Krsnik Ivan, Glavaš Goran, Krsnik Marina, Miletić Damir, Štajduhar Ivan
Department of Computer Engineering, Faculty of Engineering, University of Rijeka, Vukovarska 58, 51000 Rijeka, Croatia.
School of Business Informatics and Mathematics, University of Mannheim, 68159 Mannheim, Germany.
Diagnostics (Basel). 2020 Apr 1;10(4):196. doi: 10.3390/diagnostics10040196.

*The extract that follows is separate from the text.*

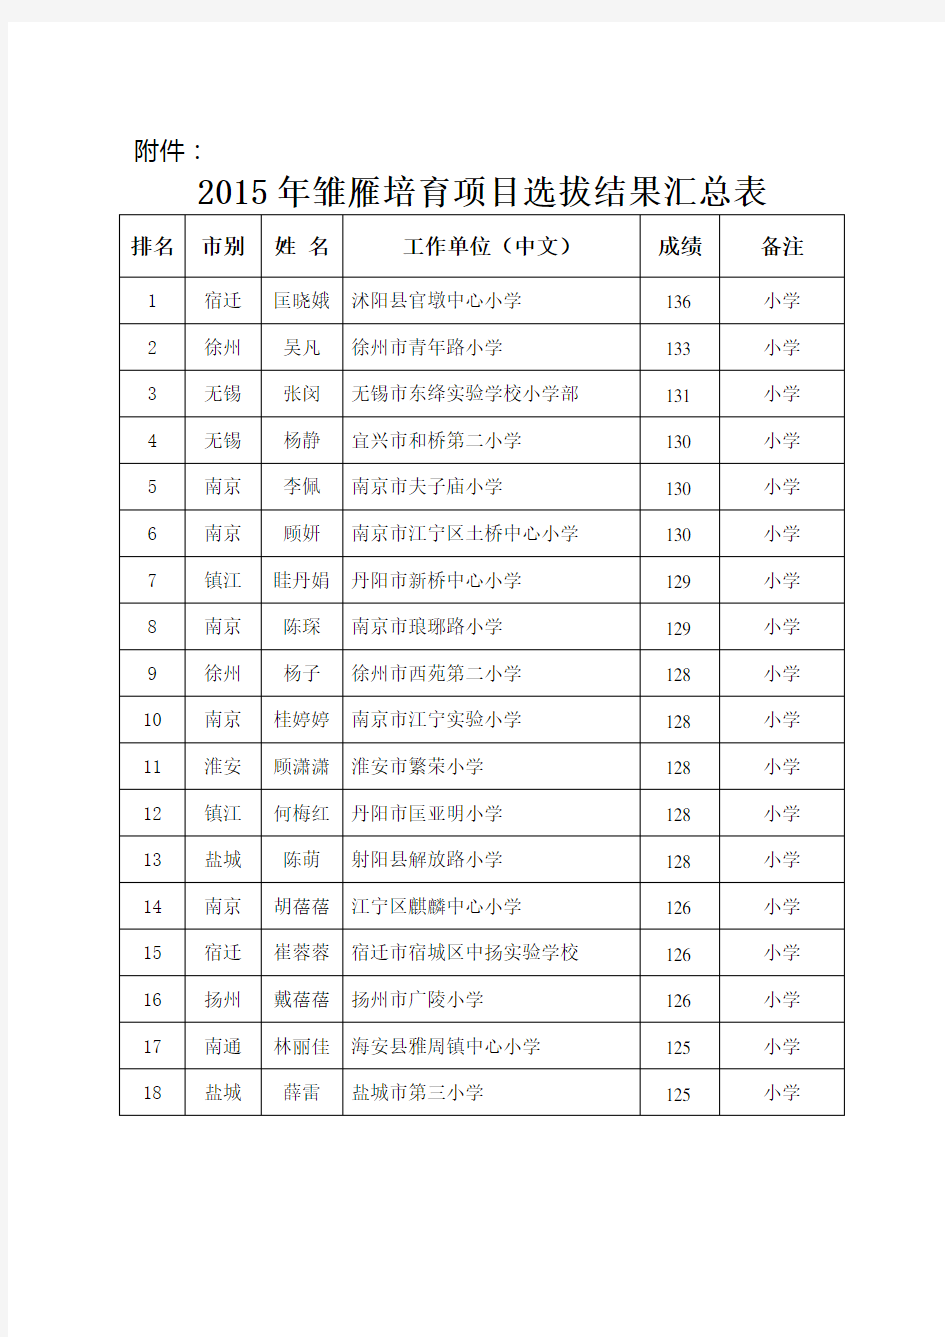 2015年雏雁培育项目选拔结果名录(306人)

Narrative texts in electronic health records can be efficiently utilized for building decision support systems in the clinic, only if they are correctly interpreted automatically in accordance with a specified standard. This paper tackles the problem of developing an automated method of labeling free-form radiology reports, as a precursor for building query-capable report databases in hospitals. The analyzed dataset consists of 1295 radiology reports concerning the condition of a knee, retrospectively gathered at the Clinical Hospital Centre Rijeka, Croatia. Reports were manually labeled with one or more labels from a set of 10 most commonly occurring clinical conditions. After primary preprocessing of the texts, two sets of text classification methods were compared: (1) traditional classification models-Naive Bayes (NB), Logistic Regression (LR), Support Vector Machine (SVM), and Random Forests (RF)-coupled with Bag-of-Words (BoW) features (i.e., symbolic text representation) and (2) Convolutional Neural Network (CNN) coupled with dense word vectors (i.e., word embeddings as a semantic text representation) as input features. We resorted to nested 10-fold cross-validation to evaluate the performance of competing methods using accuracy, precision, recall, and F 1 score. The CNN with semantic word representations as input yielded the overall best performance, having a micro-averaged F 1 score of 86 . 7 % . The CNN classifier yielded particularly encouraging results for the most represented conditions: degenerative disease ( 95 . 9 % ), arthrosis ( 93 . 3 % ), and injury ( 89 . 2 % ). As a data-hungry deep learning model, the CNN, however, performed notably worse than the competing models on underrepresented classes with fewer training instances such as multicausal disease or metabolic disease. LR, RF, and SVM performed comparably well, with the obtained micro-averaged F 1 scores of 84 . 6 % , 82 . 2 % , and 82 . 1 % , respectively.
只有当电子健康记录中的叙述性文本按照特定标准被正确自动解读时,才能有效地用于构建临床决策支持系统。本文探讨了开发一种自动标注自由格式放射学报告的方法这一问题,作为在医院构建具备查询功能的报告数据库的前奏。分析的数据集由1295份关于膝盖状况的放射学报告组成,这些报告是在克罗地亚里耶卡临床医院中心回顾性收集的。报告被手动标注了一组10种最常见临床病症中的一个或多个标签。在对文本进行初步预处理后,比较了两组文本分类方法:(1)传统分类模型——朴素贝叶斯(NB)、逻辑回归(LR)、支持向量机(SVM)和随机森林(RF)——与词袋(BoW)特征(即符号文本表示)相结合;(2)卷积神经网络(CNN)与密集词向量(即作为语义文本表示的词嵌入)相结合作为输入特征。我们采用嵌套10折交叉验证,使用准确率、精确率、召回率和F1分数来评估竞争方法的性能。以语义词表示作为输入的CNN产生了总体最佳性能,微平均F1分数为86.7%。对于最具代表性的病症,CNN分类器产生了特别令人鼓舞的结果:退行性疾病(95.9%)、关节病(93.3%)和损伤(89.2%)。然而,作为一个数据需求大的深度学习模型,CNN在训练实例较少的代表性不足的类别(如多病因疾病或代谢疾病)上的表现明显比竞争模型差。LR、RF和SVM的表现相当,获得的微平均F1分数分别为84.6%、82.2%和82.1%。